Tratto dall’omonimo romanzo di Willy Vlautin, The Motel Life si apre quando l’acme del dramma è già stato raggiunto e superato: sappiamo immediatamente che Jerry Lee (Stephen Dorff) ha ucciso accidentalmente un bambino, investendolo con la macchina. È un modo per accrescere e allentare allo stesso tempo la tensione spettatoriale. Difatti fin dall’inizio il pubblico è avvertito dall’ombra della tragedia pregressa che di qui in avanti non potrà succedere nulla di buono, ma allo stesso tempo sapere che il dramma-motore della narrazione si è già consumato, è paradossale motivo di distensione. Si crea così una strana atmosfera sospesa.

Da questo momento per Jerry Lee e il fratello Frank (Emile Hirsch) comincia un lento viaggio da Reno (Nevada) verso Elko. Il thriller sfuma così quasi immediatamente nel film on the road, dove la strada non è solo quella che attraversa le desolate lande innevate, ma anche un percorso sul filo dei ricordi, attraverso il quale scopriamo la morte precoce dei genitori, il tragico momento in cui Jerry Lee ha perso la gamba e la cocente delusione amorosa che ancora attanaglia Frank.

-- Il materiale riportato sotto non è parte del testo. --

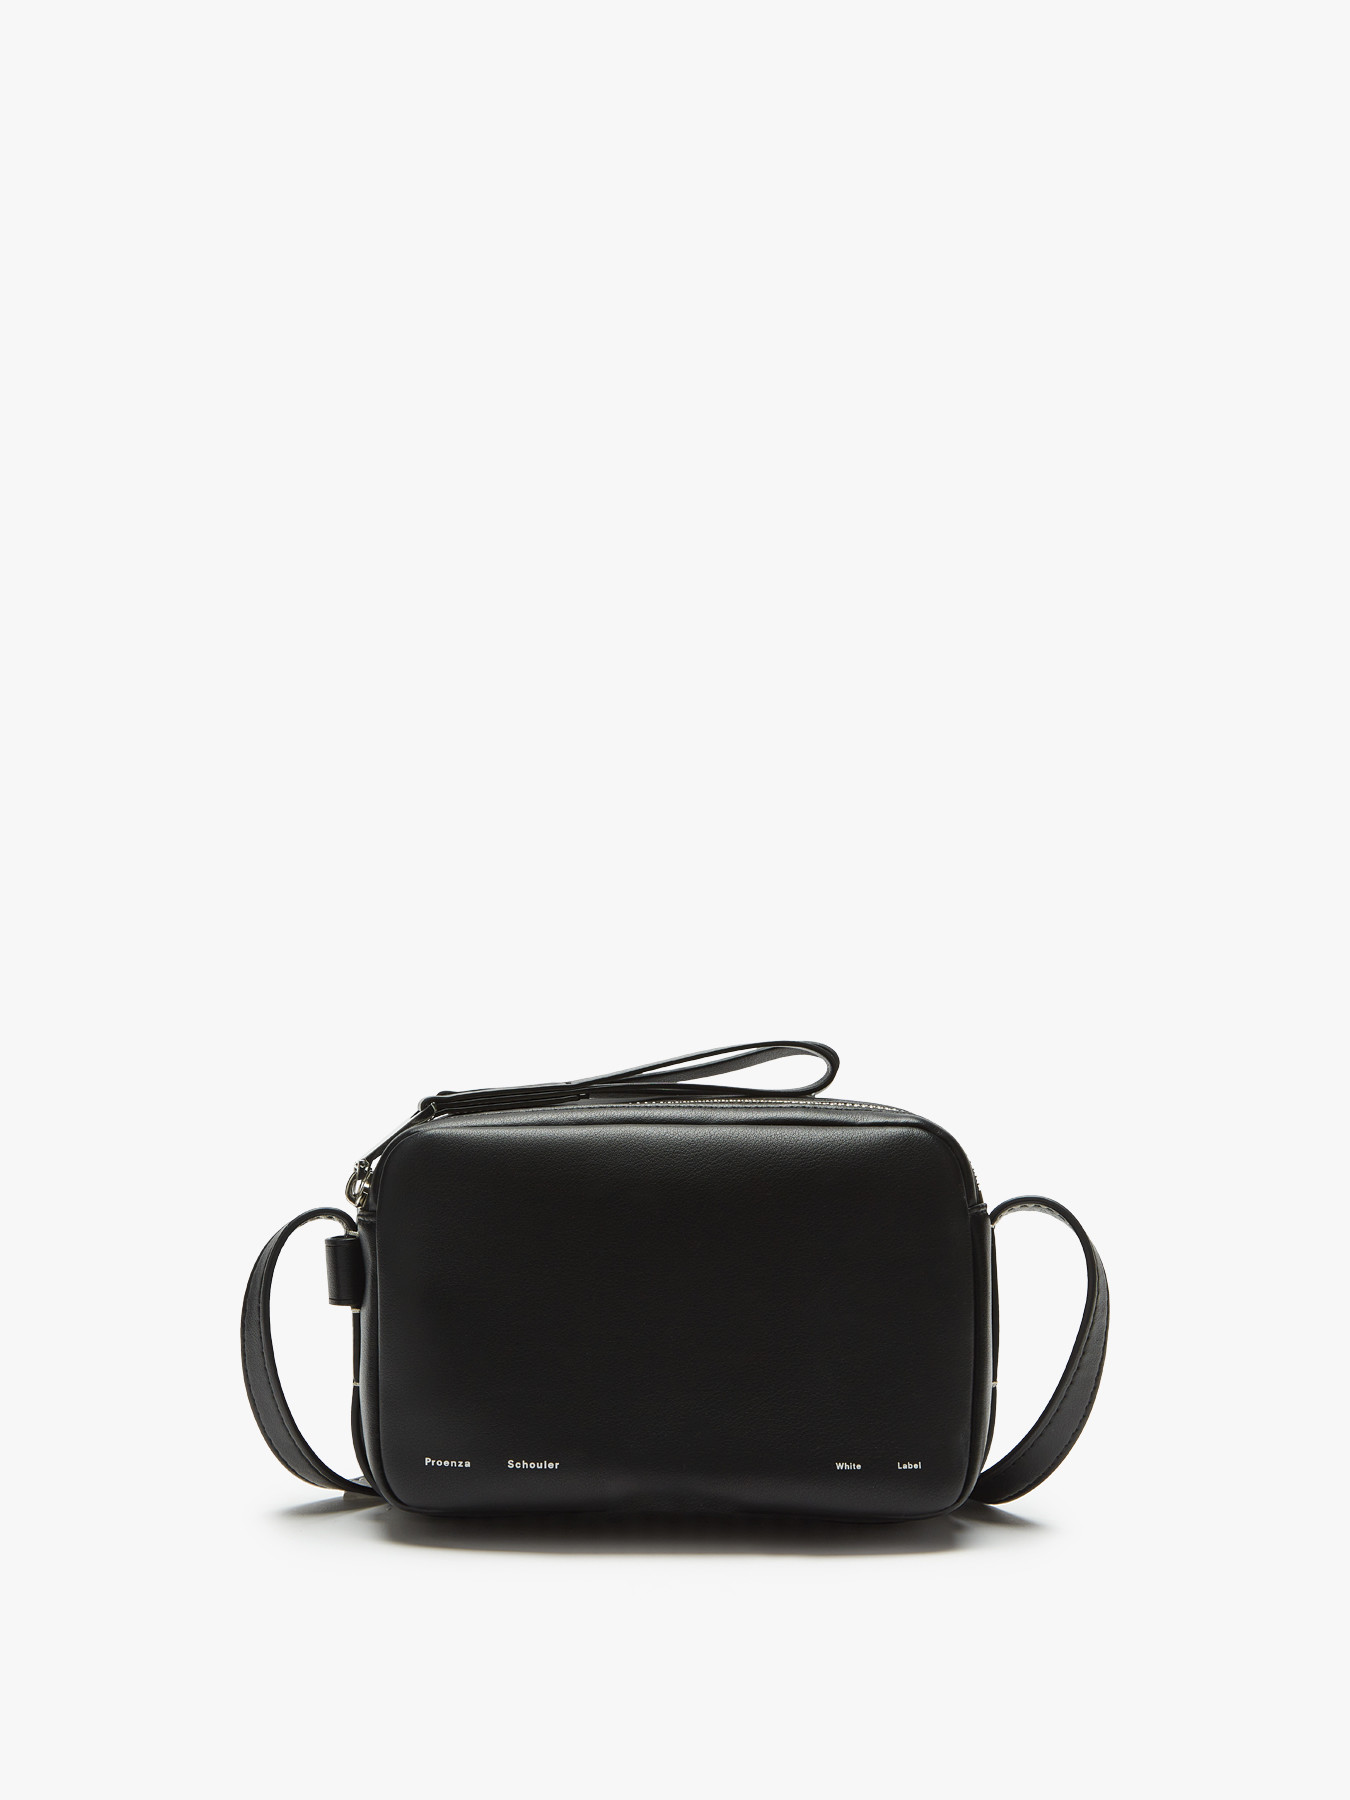 Proenza Schouler White Label Watts Leather Camera Bag Black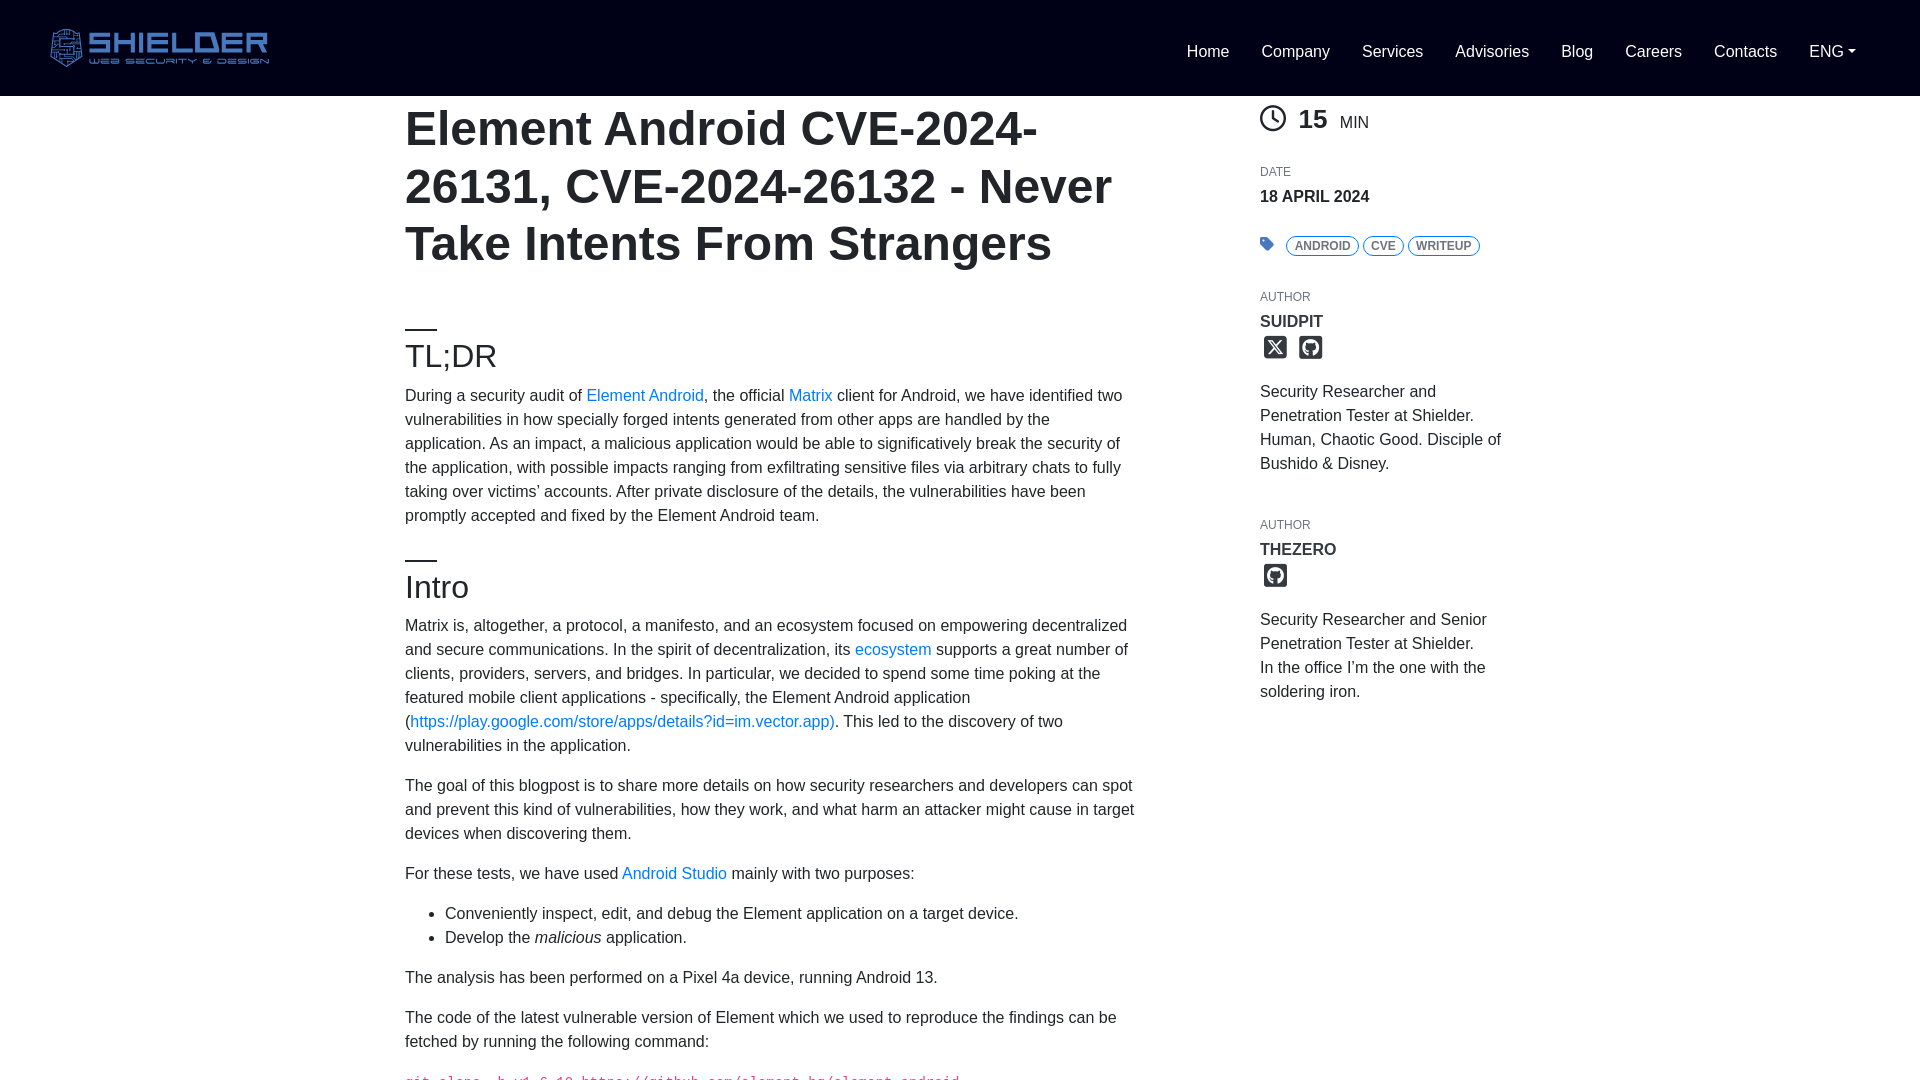 Shielder - Element Android CVE-2024-26131, CVE-2024-26132 - Never Take Intents From Strangers

Solo alla fine il viaggio si rivelerà per l’ uno un percorso verso la morte, mentre per l’altro significherà forse una seconda nascita. Diretto da Gabriel e Alan Polsky, il film rappresenta a nostro avviso una delle proposte più interessanti tra quelle in concorso. La fotografia livida (Roman Vas’yanov), la musica (di David Holmes e Keefus Green), le ampie “vedute” del Nevada in campo lungo, in cui la natura diviene protagonista, tutto concorre alla realizzazione di un affrescodi un’America contemporanea lontana dalle grandi metropoli del turismo, scevro da mistificazioni e che s’inserisce nel solco della cinematografia “indie”.




Quello del disegno è un motivo conduttore presente a vario titolo nel film, variamente diegetizzato fino ai titoli di coda, quando interviene nella grafica sotto forma di schizzi fumettistici, costituendo dunque un capitolo a parte, oltre la narrazione. Le forme della diegesi che assume il disegno artistico nel corso di The Motel Life sono in realtà due. In primo luogo infatti esso costituisce una sorta di soggettiva interiore di Frank e specularmente di Jerry Lee, poiché il primo ha l’abitudine di raccontare al fratello delle storie per calmarlo, offrendogli ed offrendosi una via di fuga nei momenti più difficili, la speranza. In quelle scene la voce in campo di Frank diviene over, mentre scorrono le immagini di un cartoon che illustra il suo racconto fantastico.

L’altra forma diegetica che veste il disegno è quella dei disegni attraverso i quali Jerry Lee dà forma alle sue fantasie. Funge in qualche modo da anello di congiunzione tra queste molteplici vie grafiche, il fermo immagine finale carico di possibilità che “congela” Frank seduto sulla spalliera di una panchina, per poi trasformarsi anch’esso in un disegno, cui si agganceranno di seguito gli schizzi dei titoli di coda. Del resto buona parte del film si svolge in flashback, a partire da un’inquadratura di spalle di Frank che osserva i disegni del fratello appesi alla parete. La stessa inquadratura torna poco prirna della chiusura del film, di modo che lo svolgimento della narrazione assume ora i connotati di un’intima riflessione dello stesso Frank.




Per crasi il romanzo di Willy Vlautin e il film dei fratelli Polsky costituiscono nei confronti dello spettatore una sorta di graphic novel, veicolato dalle immagini cinematografiche in primo luogo e fumettistiche a un secondo livello.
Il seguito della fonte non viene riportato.